SUPPLIED DATA:
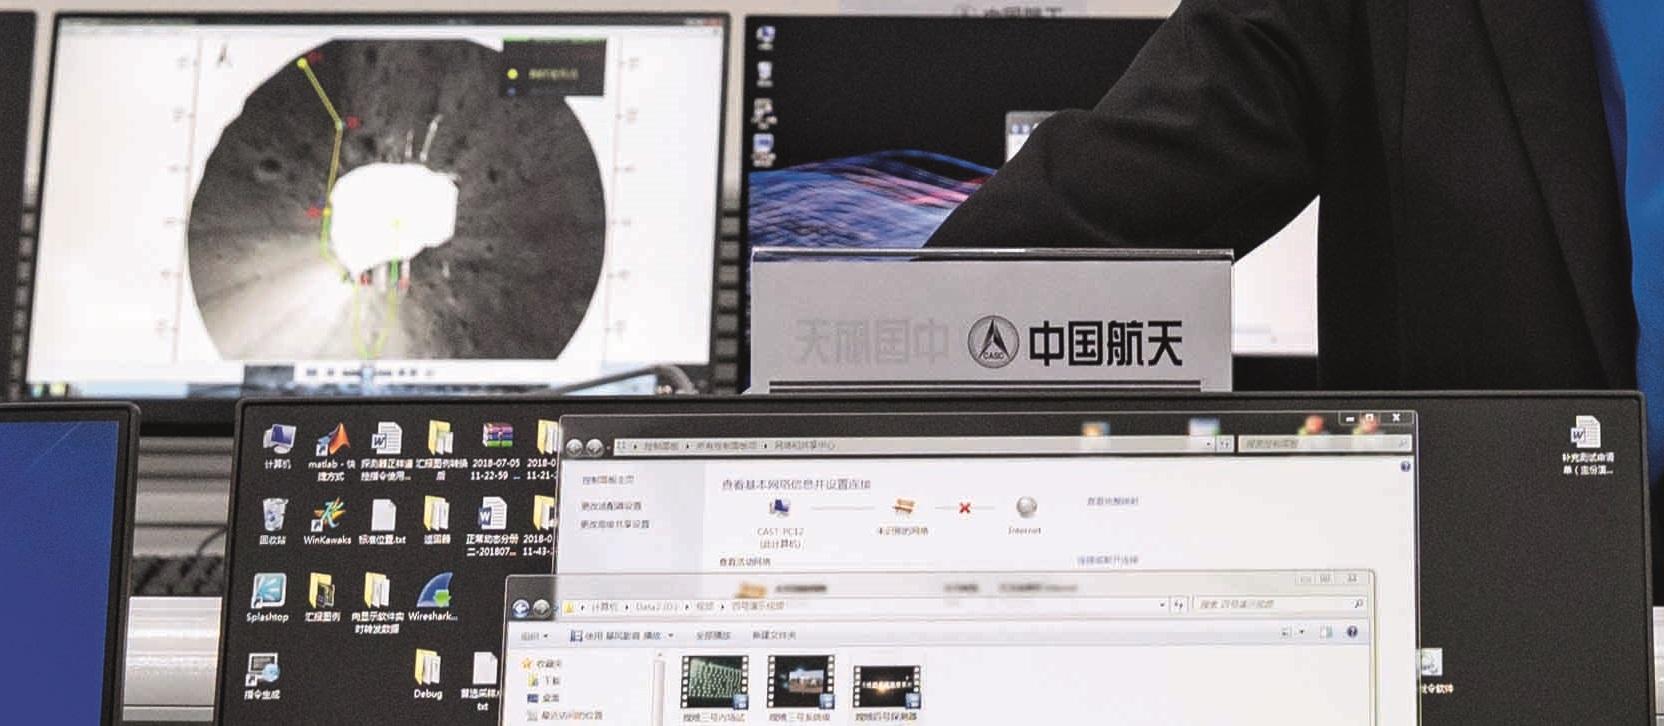 Интересные факты об истории Китайской лунной программы и космической миссии «Чанъэ-4» - 16
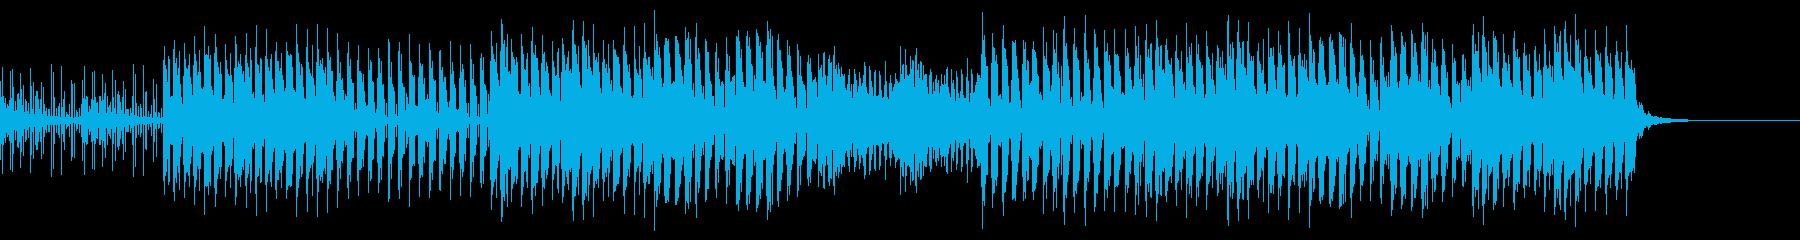 おしゃれ・キャッチー・EDMの再生済みの波形
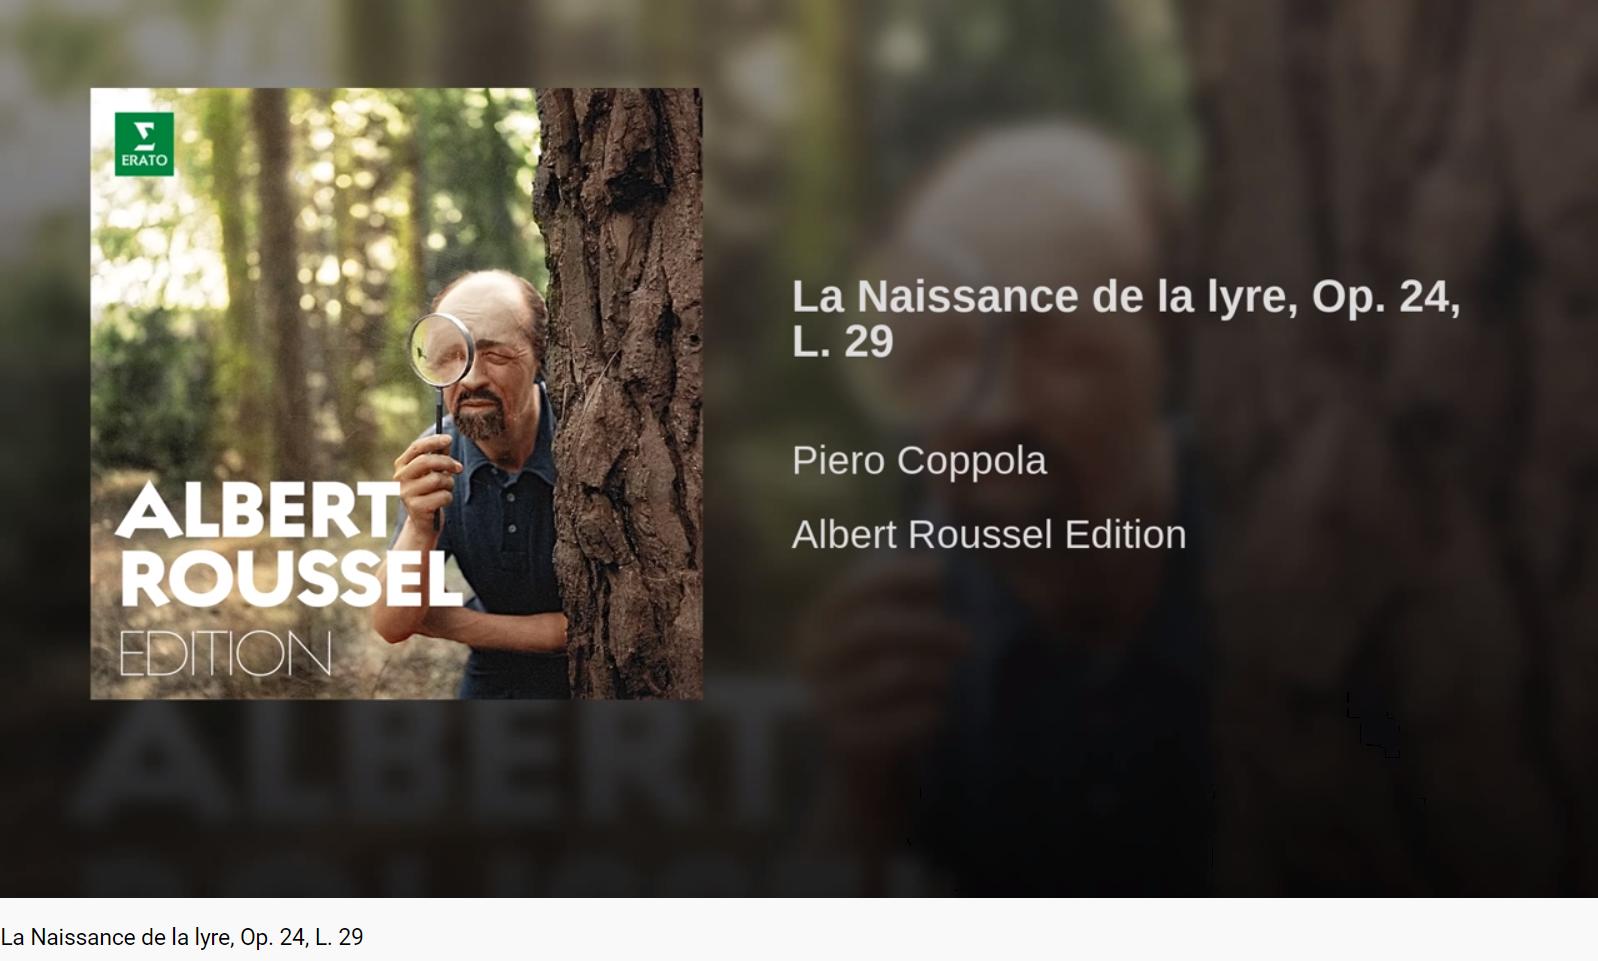 Roussel La Naissance de la lyre
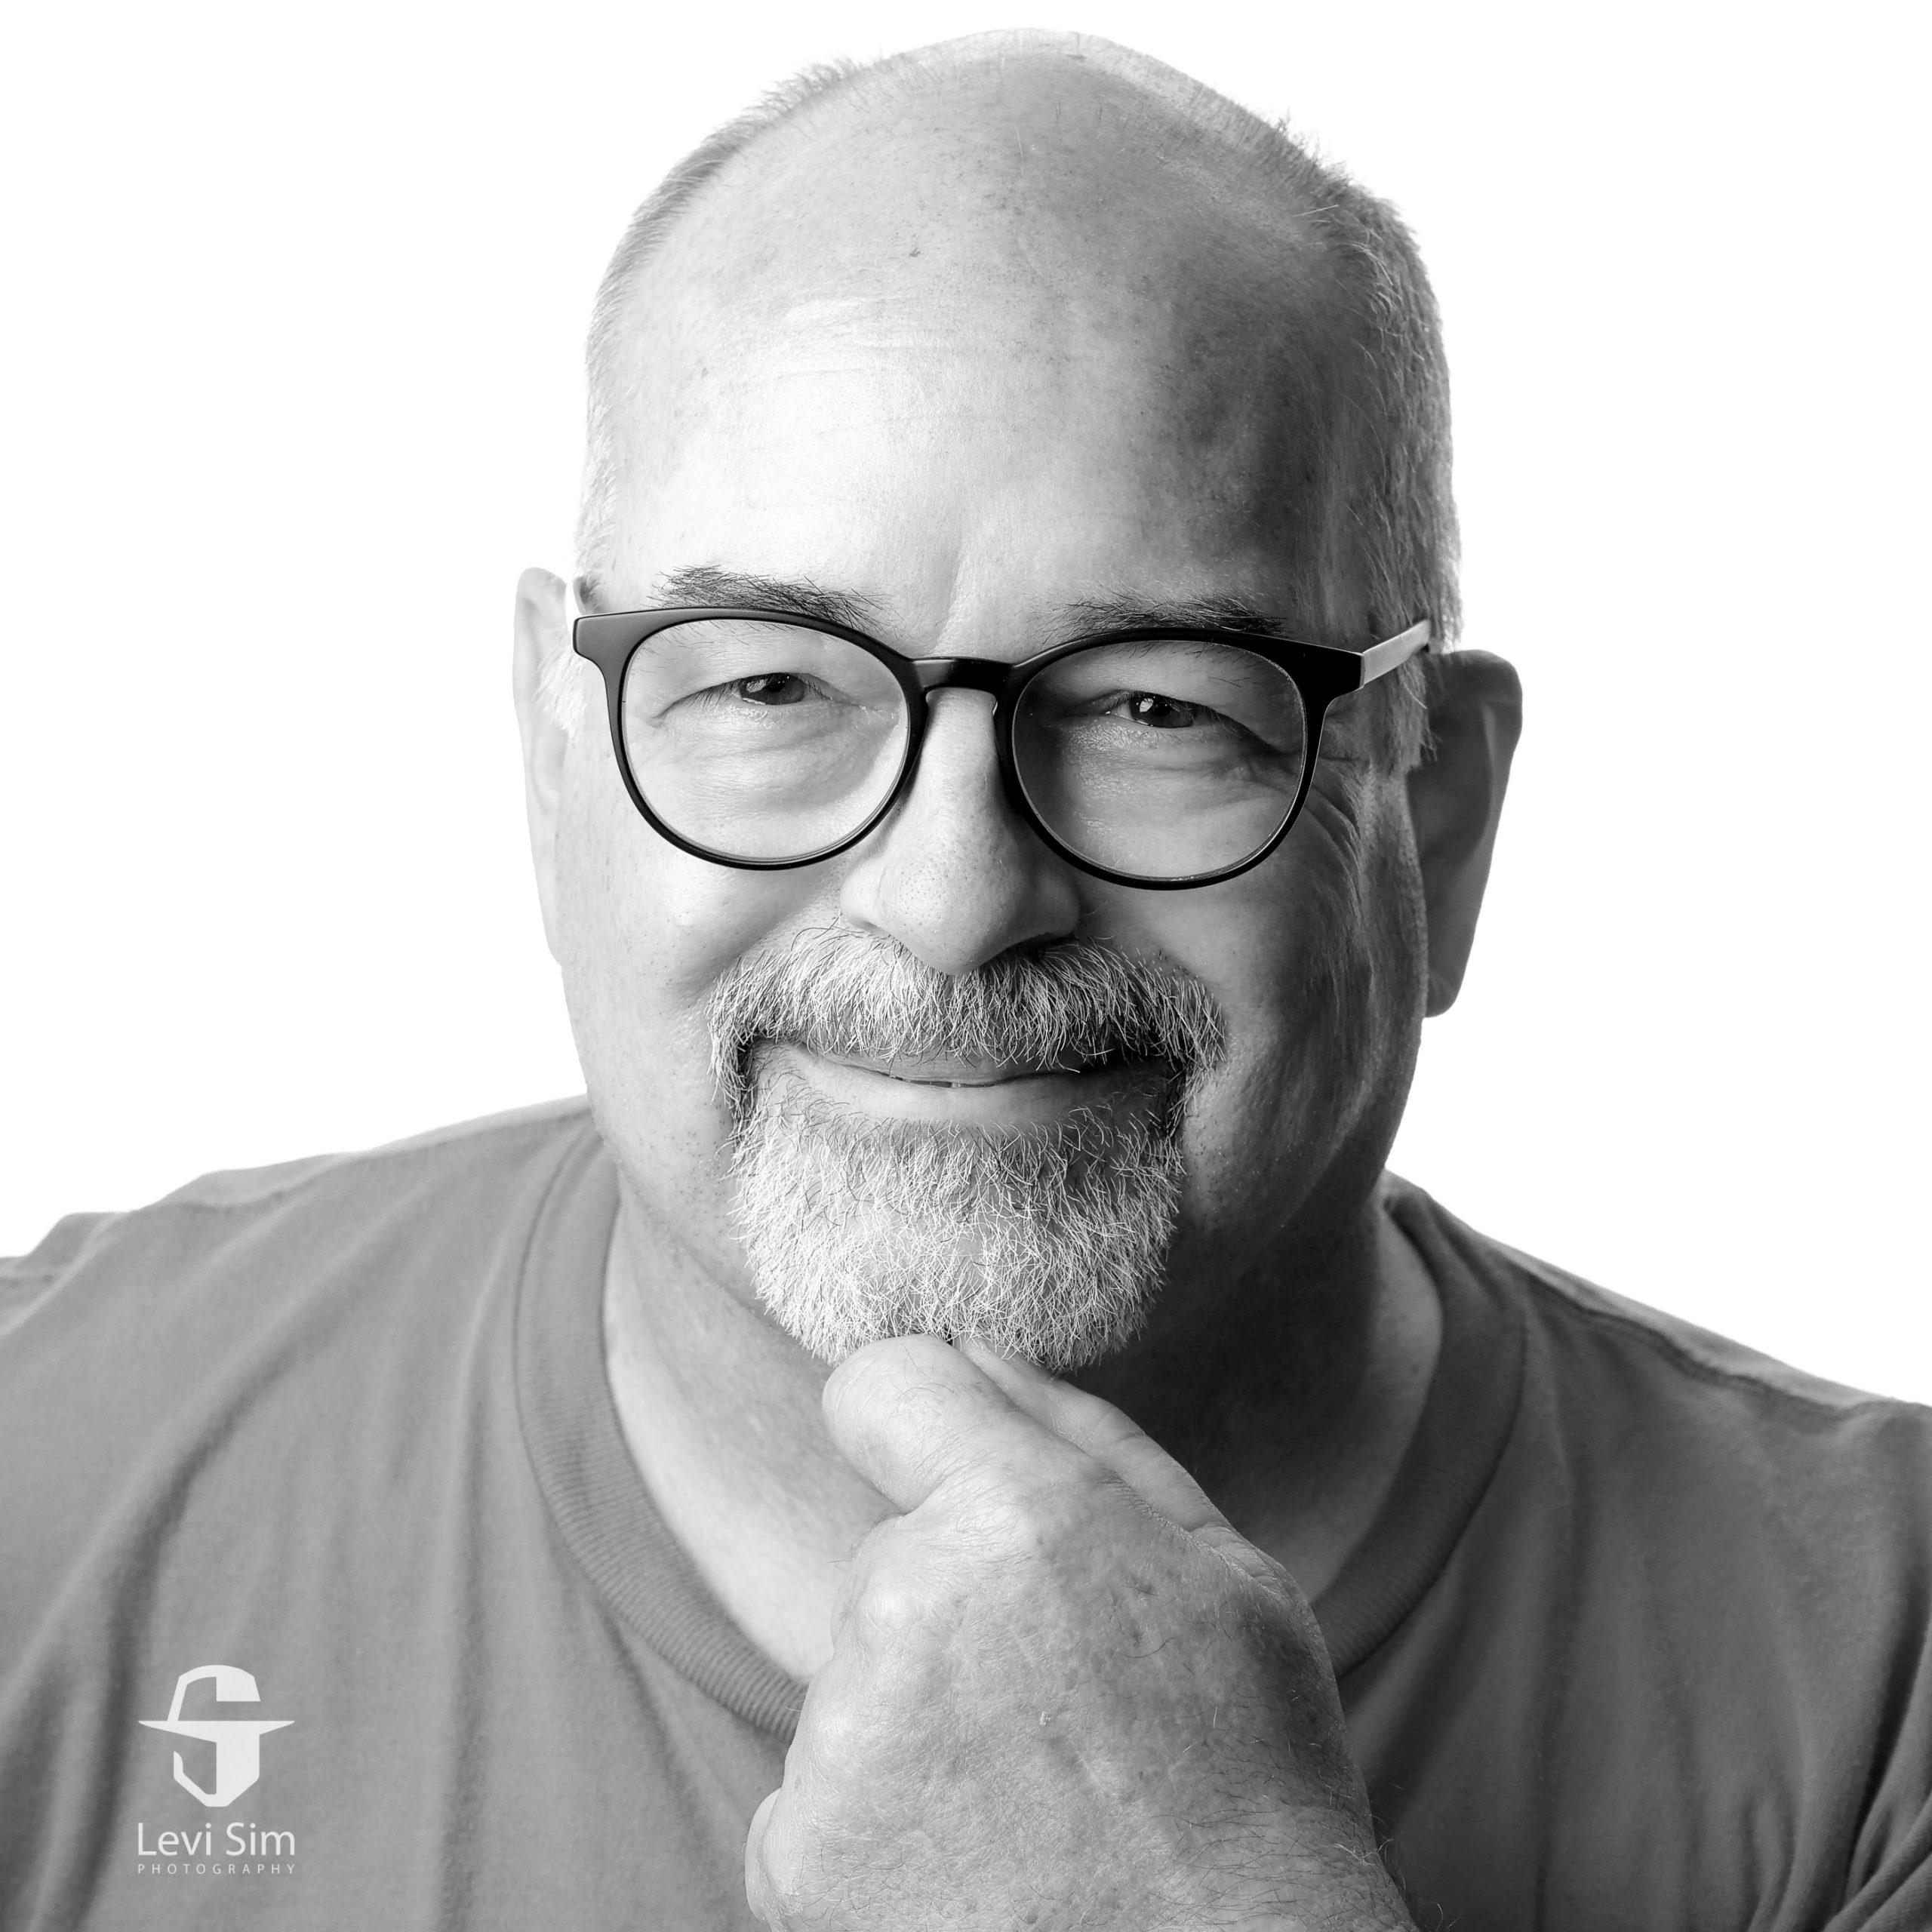 Levi Sim Steve Jobs Portrait Project Out Of Chicago 2017-94

WHAT IS BEING ASKED:
To complete the exercise, return the listing above exactly and omit its pictures.

SOLUTION FOR THIS PROBLEM:
 Интересные факты об истории Китайской лунной программы и космической миссии «Чанъэ-4» - 16
 おしゃれ・キャッチー・EDMの再生済みの波形
 Roussel La Naissance de la lyre
 Levi Sim Steve Jobs Portrait Project Out Of Chicago 2017-94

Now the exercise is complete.